Nel nostro cammino abbiamo incontrato numerosi casi di ‘emarginati della giustizia’, ognuno con una storia più o meno controversa, che però indica il ruolo che viene loro riservato. Infatti, lo status dei collaboratori, nella maggior parte dei casi, non viene mai definito con grande precisione, mantenendo sempre un alone di ambiguità, per dare così modo ai funzionari pubblici di giocare sul filo del rasoio e di coprire da ogni responsabilità gli alti dirigenti, che autorizzano operazioni o consulenze non pianificate nel dettaglio, vagliate in via sperimentale e prive di qualsiasi coordinamento. Informatore, consulente, confidente, collaboratore: sono tutte espressioni che ormai non implicano uno status giuridicamente garantito. La legge tutela il loro diritto a percepire delle remunerazioni – più o meno dignitose, ma anche inesistenti – ma non protegge i cittadini che “lavorano con lo Stato” da rischi e rivalse. Nella convinzione di aiutare la collettività e di fare qualcosa per il proprio Paese (sempre ché non si è oggetto di ricatti), si accettano condizioni “non scritte” di una collaborazione che, nella totalità dei casi, sarà rinnegata, smentita e cancellata, con la produzione di documenti e prove ad hoc, che mettono al sicuro il magistrato o l’ispettore di turno. Dall’altra parte, infatti, sono in gioco carriere e promozioni, ma anche bonus o ricche consulenze, pagate con casse senza fondo. Tutto questo non contribuisce certo a creare il giusto clima di cooperazione e di fiducia tra lo Stato e cittadini, che vedranno piuttosto in esso un vespaio di ‘dipendenti pubblici’ concentrati sulle loro megalomanie. Quello dei collaboratori esterni va così a costituire un sottobosco che Procura e Magistratura usano, per poi metterlo da parte e cancellarlo, abusando indiscriminatamente del loro potere, coscienti che il muro del silenzio istituzionale li proteggerà e che i media non si esporranno in casi di scarsa audience. 
Questi sono spesso elementi ricorrenti e comuni e chiunque si imbatta in una cooperazione con indagini ufficiali o meno, passando da “persona a informata sui fatti” a inconsapevole confidente o ad informatore ufficioso, senza alcuna tutela o remunerazione. 

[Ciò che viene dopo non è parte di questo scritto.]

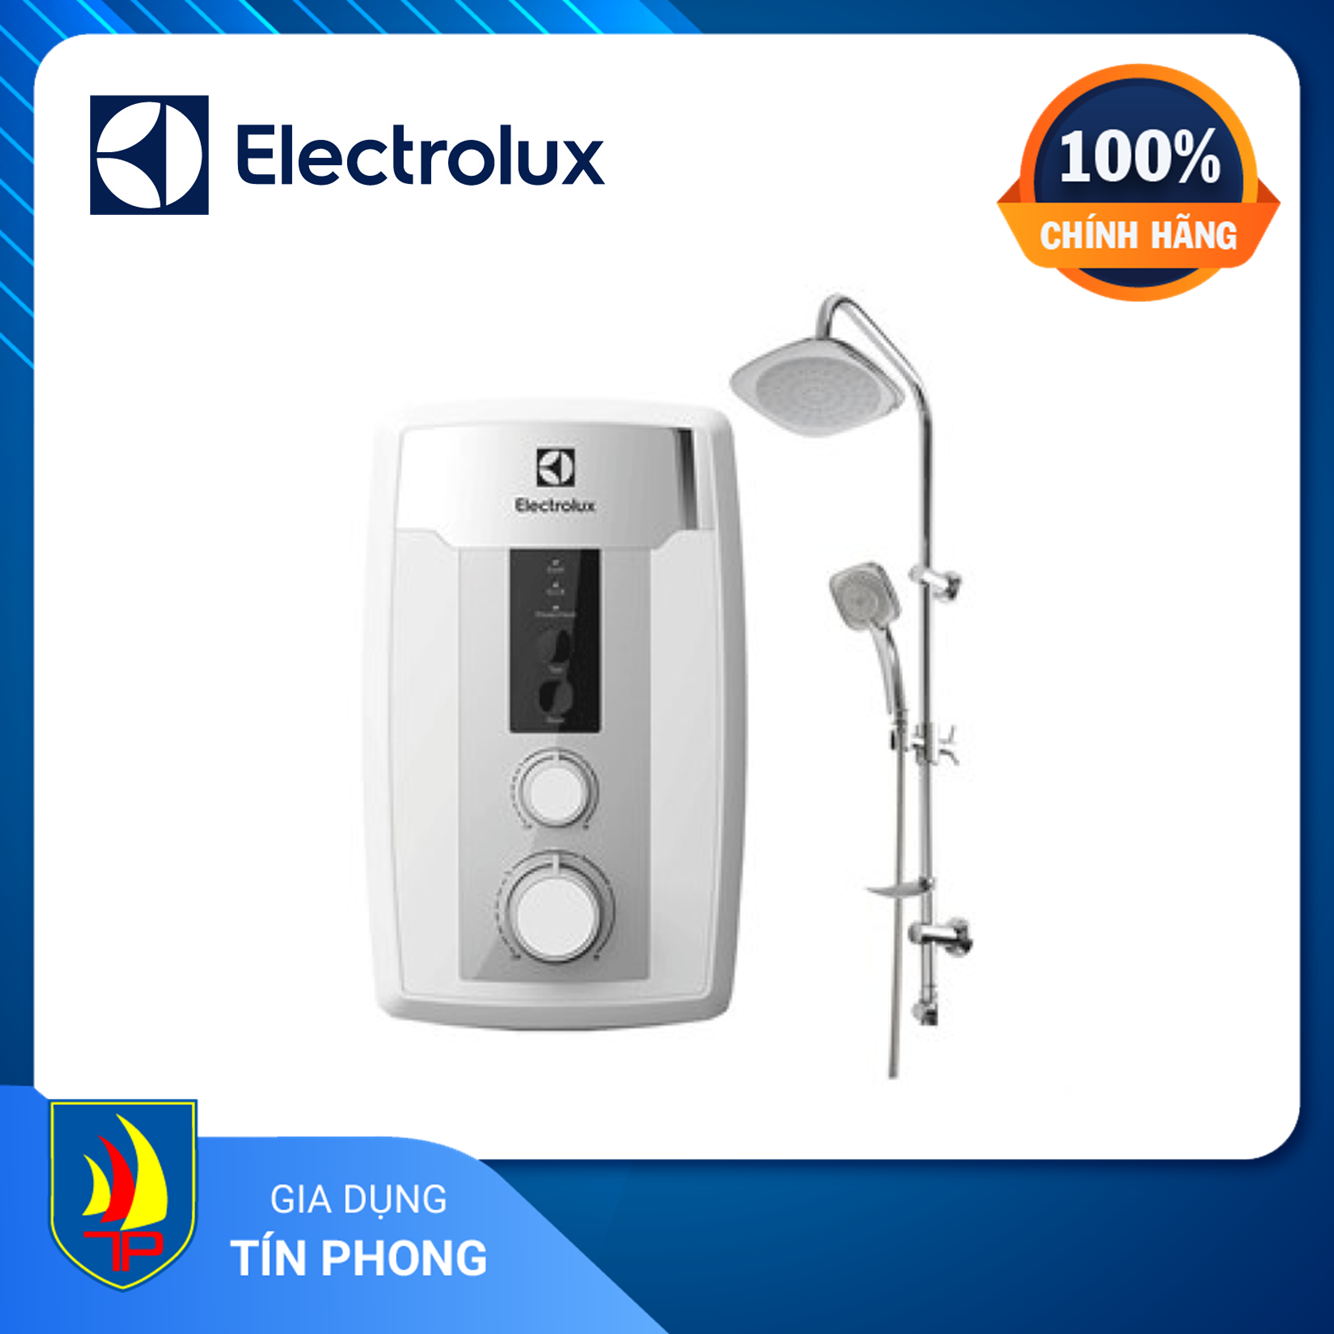 Bảng giá MÁY NƯỚC NÓNG ELECTROLUX EWE351HB-DWS2 Điện máy Pico

Operazione Exchange: tra dilettanti e abusi di potere 

E’ la storia di un imprenditore di Taranto, Sergio, che porta avanti la propria attività in maniera onesta e professionale, ma per una strana coincidenza e a sua insaputa diventa prima un 'confidente' della Procura, per poi essere coinvolto in una vera e propria simulazione di un’operazione di acquisto di titoli per cambio valuta, sotto copertura. Vogliamo premettere che le transazioni con collaterali e garanzie bancarie, rivolte al riciclaggio di denaro e alla produzione fittizia di denaro, sono state senz’altro un cancro economico che istituzioni e magistratura non sono riusciti ad arginare. Questo fenomeno è stato per molto tempo sottovalutato, nonché favorito dalla patologica pratica delle banche di accettare titoli non solvibili o non autentici, nonché dalle omissioni degli organi di sorveglianza. Seguendo la scia delle indagini in questo settore così critico, abbiamo avuto modo di apprendere come spesso le modalità e gli strumenti utilizzati dagli inquirenti per individuare ed infiltrare queste reti sono stati dozzinali e superficiali. Senza dubbio, mancano all’interno delle strutture della Magistratura e della Finanza degli esperti di specifici settori, tanto che vengono spesso utilizzati “soggetti esterni” che prestano la loro consulenza e mettono al servizio dello Stato la loro professionalità. 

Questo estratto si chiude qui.